Distributed Recruitment Methods

To further aid our recruitment efforts, we developed a Distributed Recruitment Method (DRM) involving a cascaded effort of emails, phone calls, and Zoom meetings to recruit contacts. First, we sent out an initial email to organizations to introduce our project. After the initial email, we sent a follow-up email and/or made a phone call to each organization to request a meeting, in line with evidence showing that strong communication is best achieved through scheduled meetings (Pinto et al., 2014). When organizations obliged, we set up informational meetings to discuss our project, as well as any concerns or challenges of participating in our project. During these meetings, we also answered questions, provided clarifications, and enrolled interested parties. Sample scripts for these recruitment methods appear in Figures 1 and 2. When an organization agreed to join our board, we sent them additional materials, including an informed consent form, a questionnaire to assess community needs, and a $200 gift card for their participation in the board over a one-year period. The gift card was sent to the individual who signed the consent form and completed the questionnaire, to be used however they saw fit. Reminder emails and phone calls were also made to sustain communication between our research team and the organization. Throughout this process, we tried to establish one member of our research team as the primary contact for each organization, as consistent staffing has been shown to be important in developing trust, long-term relationships, and more honest conversations (Kaiser et al., 2017).

Figure 2.

Figure 2.

Figure 2.

The call guide used when contacting organizations in all 99 counties.

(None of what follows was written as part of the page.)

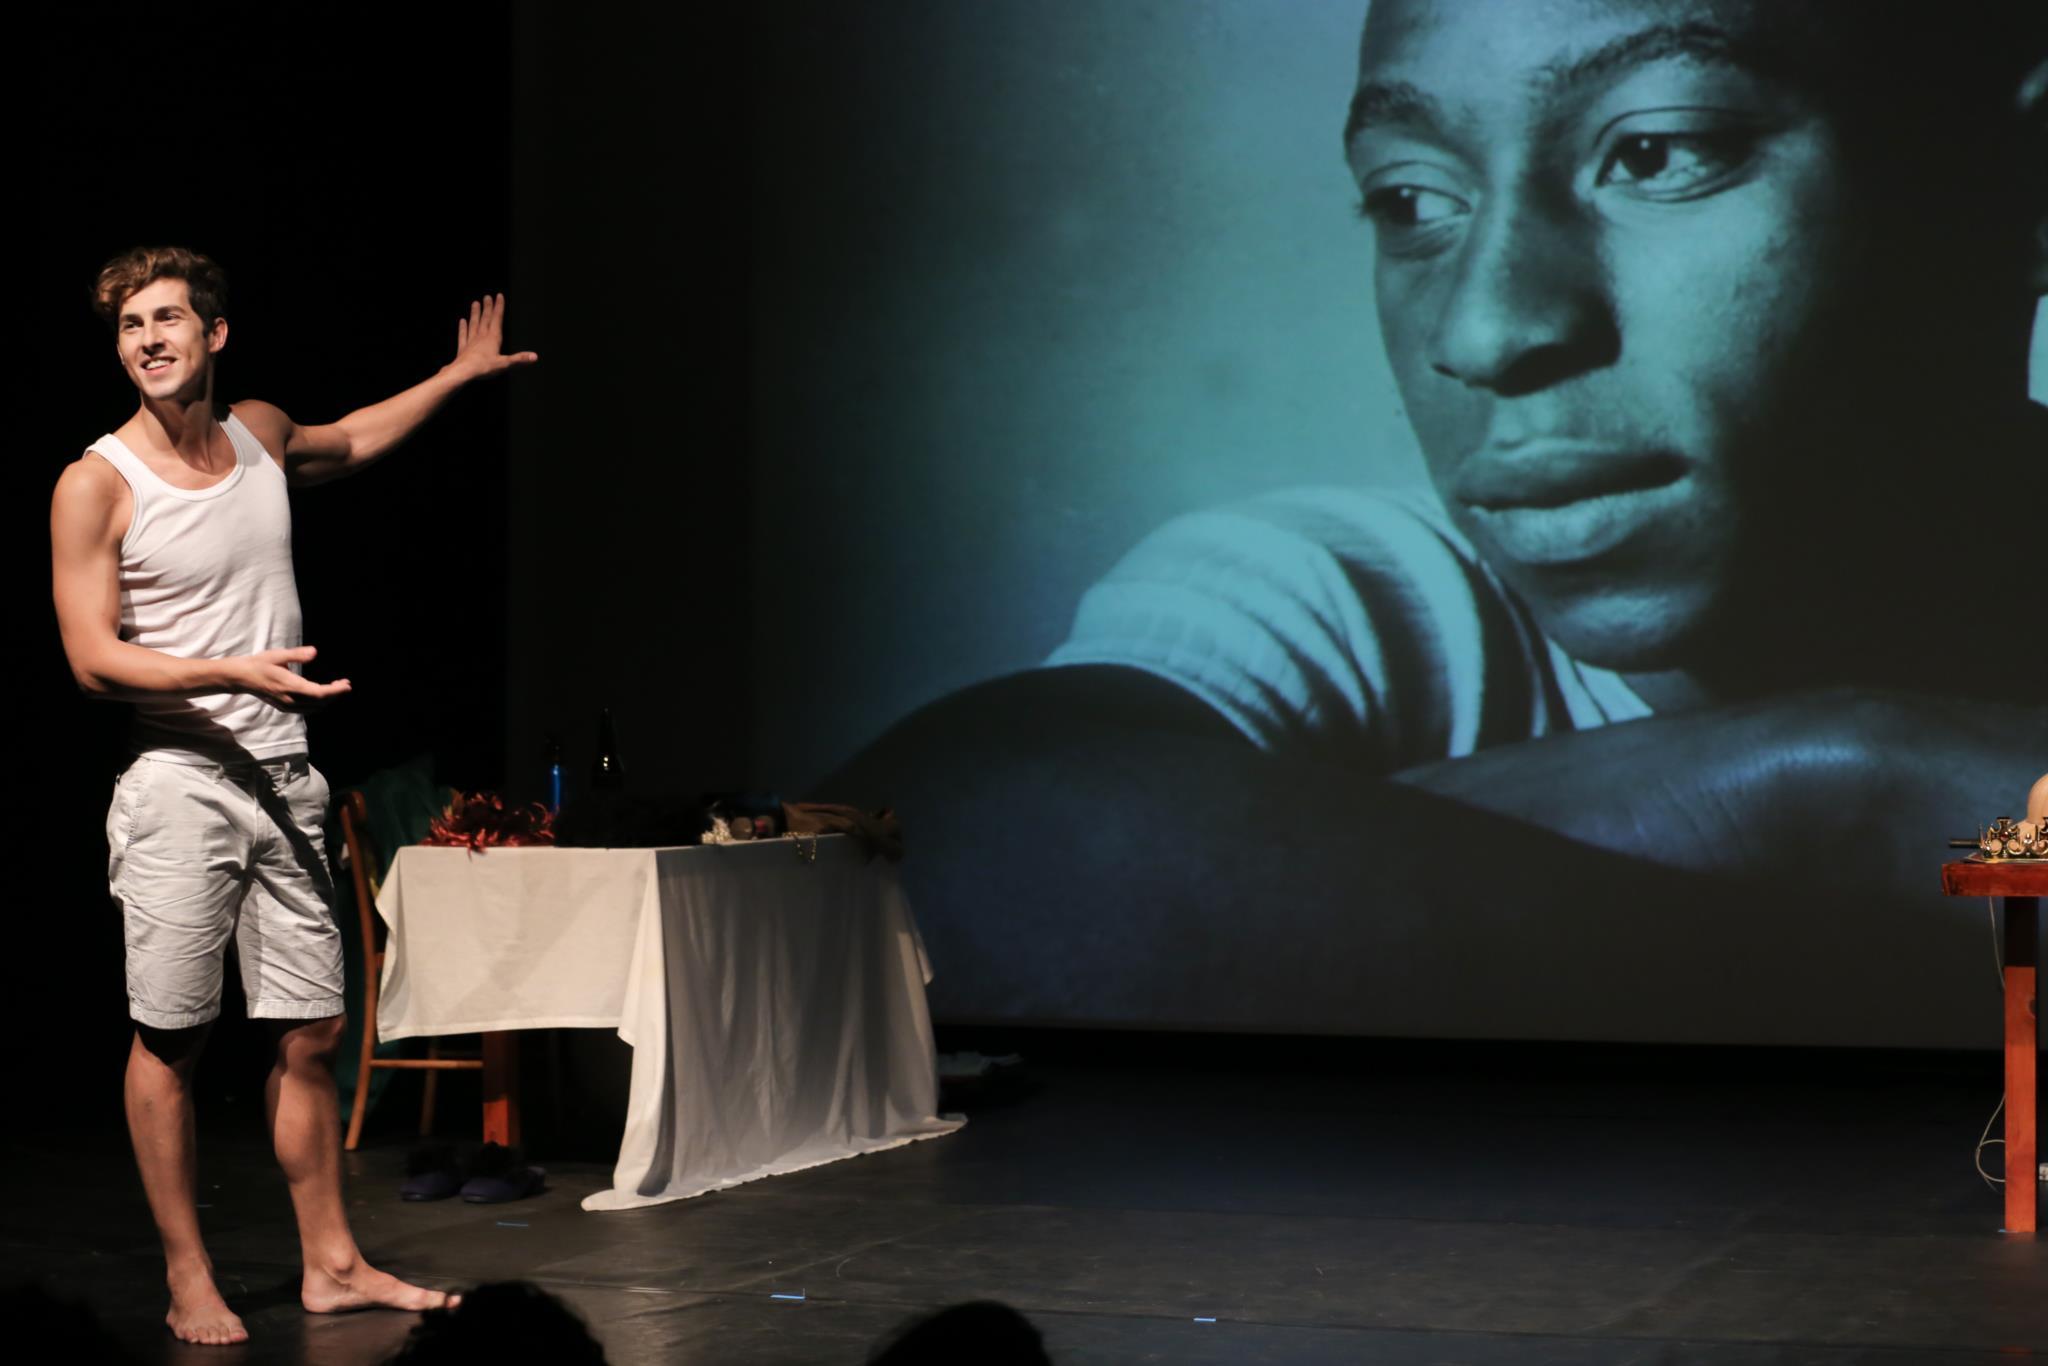 PÚBLICO - Do mundano ao sublime, Nelson Rodrigues em palco
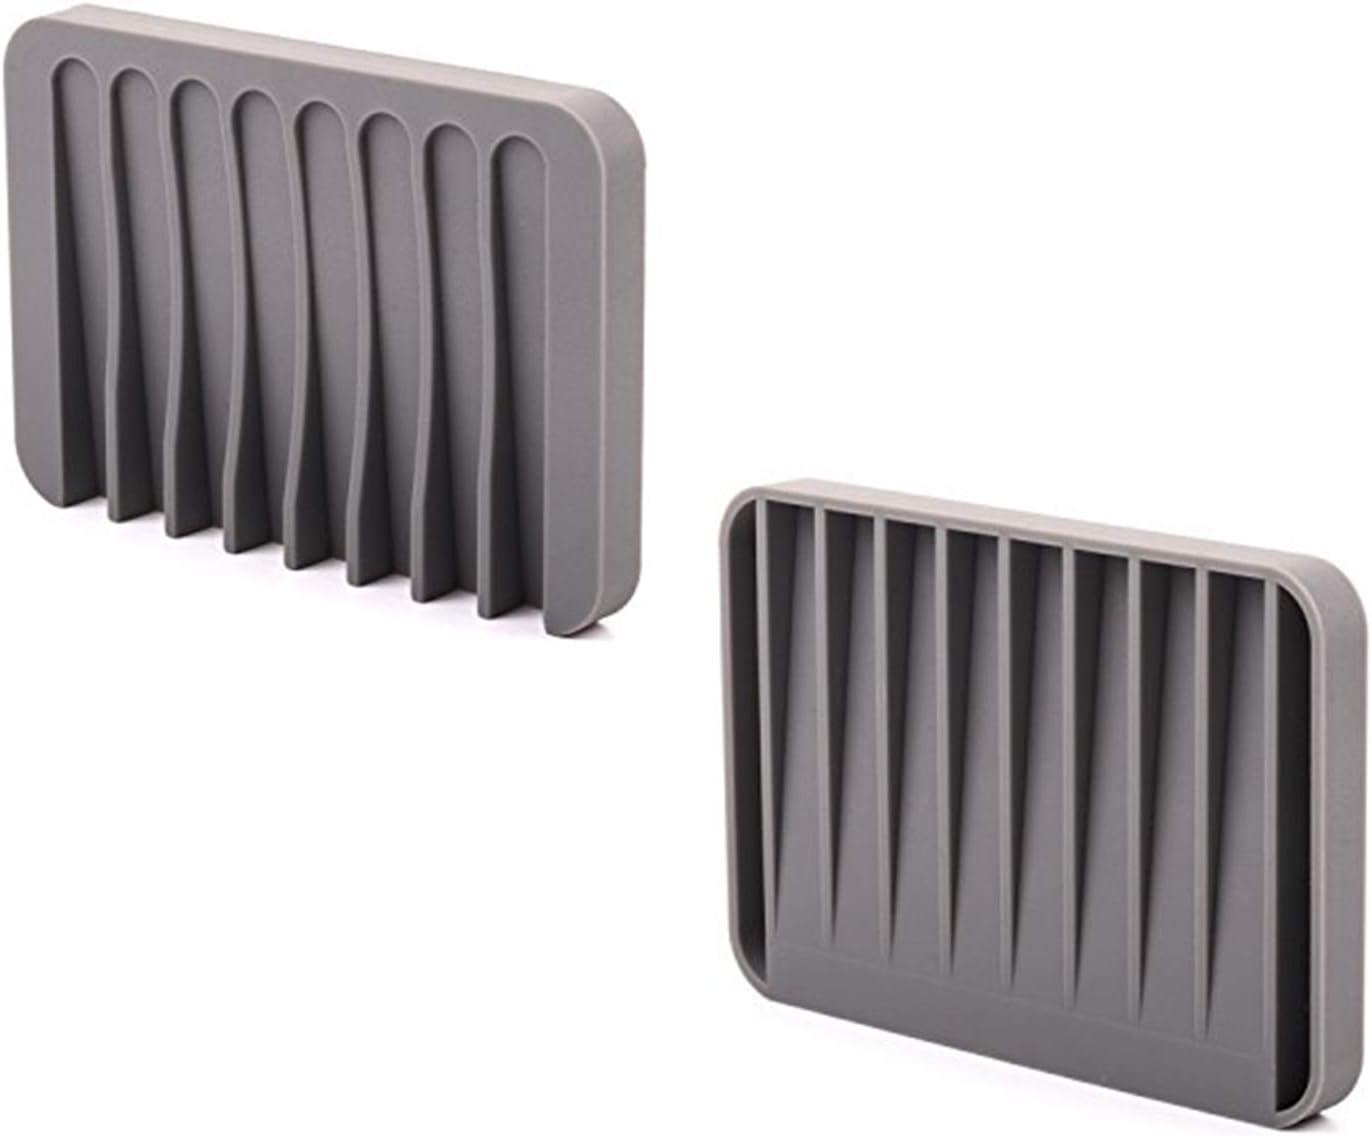 ComSaf Silikon Seifenschale mit Ablauf Blau 3er-Set Selbstleerende Seifenablage Seifenhalter Schwammhalter f/ür Dusche//Badezimmer//K/üche

Recruitment Recording System

To track our communication efforts, we developed the Recruitment Recording System (RRS), which tracked all contacts with organizations, including the date, form of communication, and outcome. Specifically, we recorded information, including the state, county, and the Federal Information Processing Standard (FIPS) of the organization; the organization’s classification (whether it was a health department, coalition, or other agency) and type (whether it was a hospital, law enforcement, prison/parole/drug court, family service, religious institution, or something else); and finally, the organization’s name, physical address, phone number, and email address. We also recorded the name of the research team member who made the contact attempt, the attempt number, the date of the contact attempt, the recruitment method used (e.g., email, phone, mobile messaging, zoom), and the status of the target organization (enrolled, in progress).

Data Analytic Plan

Our primary goals in this manuscript were to evaluate our recruitment efforts against existing benchmarks, determine predictors of successful recruitment, and identify potential biases in our recruitment. To evaluate our recruitment efforts, we compared the number of attempts made, the time taken to recruit, and our recruitment rate with benchmarks from the existing literature. The number of attempts needed to successfully enroll an organization involved a count of each discrete recruitment attempt made. Although best practices advocate for the measurement of recruitment attempts (Khodyakov et al., 2018), we were unable to find reports on this. When looking at retention of community organizations, however, prior work has shown that sending three or more follow-up emails increases participation, especially when combined with phone calls (Horvath et al., 2012). We therefore compared the number of attempts we made with this benchmark. Time taken to recruit was measured as the number of days between the first and last contact attempt between November 2019 (the start of our recruitment efforts) and March 2020. Prior work shows that the time taken to complete half the recruitment goal for a multi-site trial can take between 4.4 months (134 days) and 5.8 months (176 days) to achieve (Monaghan et al., 2007). Thus, we compared the time it took us to recruit with this benchmark. Recruitment rate was calculated by dividing the number of enrollees by the number of people who were offered participation. Meta-analyzed reported rates of enrollment have estimated average success at 53% (Noguchi et al., 2007), and this is the benchmark we used.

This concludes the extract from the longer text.